Library > The Generals’ Scuttlebutt: Byzantine-Resilient Gossip Protocols
The Generals’ Scuttlebutt: Byzantine-Resilient Gossip Protocols
November/2022, ACM CCS '22
GOSSIPUNIVERSAL COMPOSITION
One of the most successful applications of peer-to-peer communication networks is in the context of blockchain protocols, which—in Satoshi Nakamoto's own words—rely on the "nature of information being easy to spread and hard to stifle." Significant efforts were invested in the last decade into analyzing the security of these protocols, and invariably the security arguments known for longest-chain Nakamoto-style consensus use an idealization of this tenet. Unfortunately, the real-world implementations of peer-to-peer gossip-style networks used by blockchain protocols rely on a number of ad-hoc attack mitigation strategies that leave a glaring gap between the idealized communication layer assumed in formal security arguments for blockchains and the real world, where a wide array of attacks have been showcased.
In this work we bridge this gap by presenting a Byzantine-resilient network layer for blockchain protocols. For the first time we quantify the problem of network-layer attacks in the context of blockchain security models, and we develop a design that thwarts resource restricted adversaries. Importantly, we focus on the proof-of-stake setting due to its vulnerability to Denial-of-Service (DoS) attacks stemming from the well-known deficiency (compared to the proof-of-work setting) known as nothing at stake.

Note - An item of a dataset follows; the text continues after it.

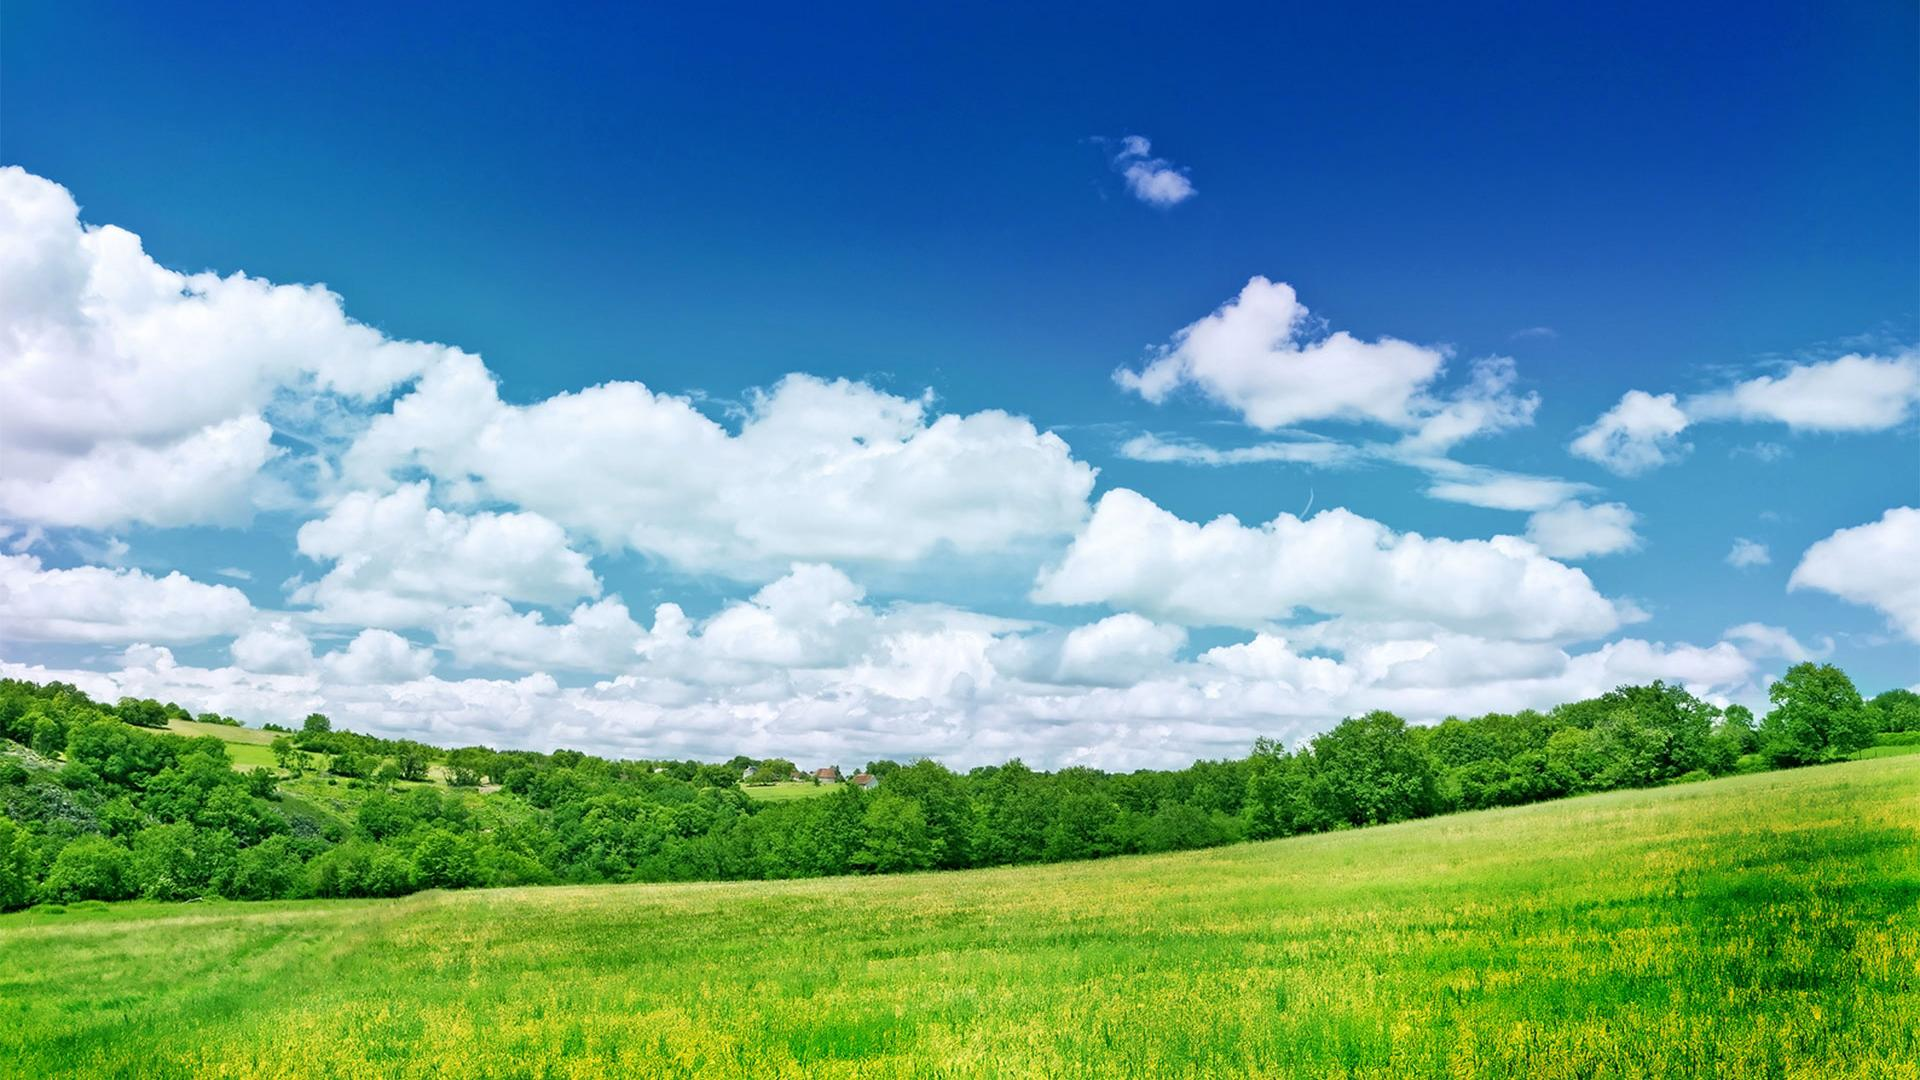 1920x1080 hd fresh summer grassland scenery backgrounds wide wallpapers:1280x800,1440x900,1680x1050 -

We present a Byzantine-resilient gossip protocol, and we analyze it in the Universal Composition framework. In order to prove security, we show novel results on expander properties of random graphs. Importantly, our gossip protocol can be based on any given bilateral functionality that determines a desired interaction between two "adjacent" peers in the networking layer and demonstrates how it is possible to use application-layer information to make the networking-layer resilient to attacks. Despite the seeming circularity, we demonstrate how to prove the security of a Nakamoto-style longest-chain protocol given our gossip networking functionality, and hence, we demonstrate constructively how it is possible to obtain provable security across protocol layers, given only bare-bone point-to-point networking, majority of honest stake, and a verifiable random function.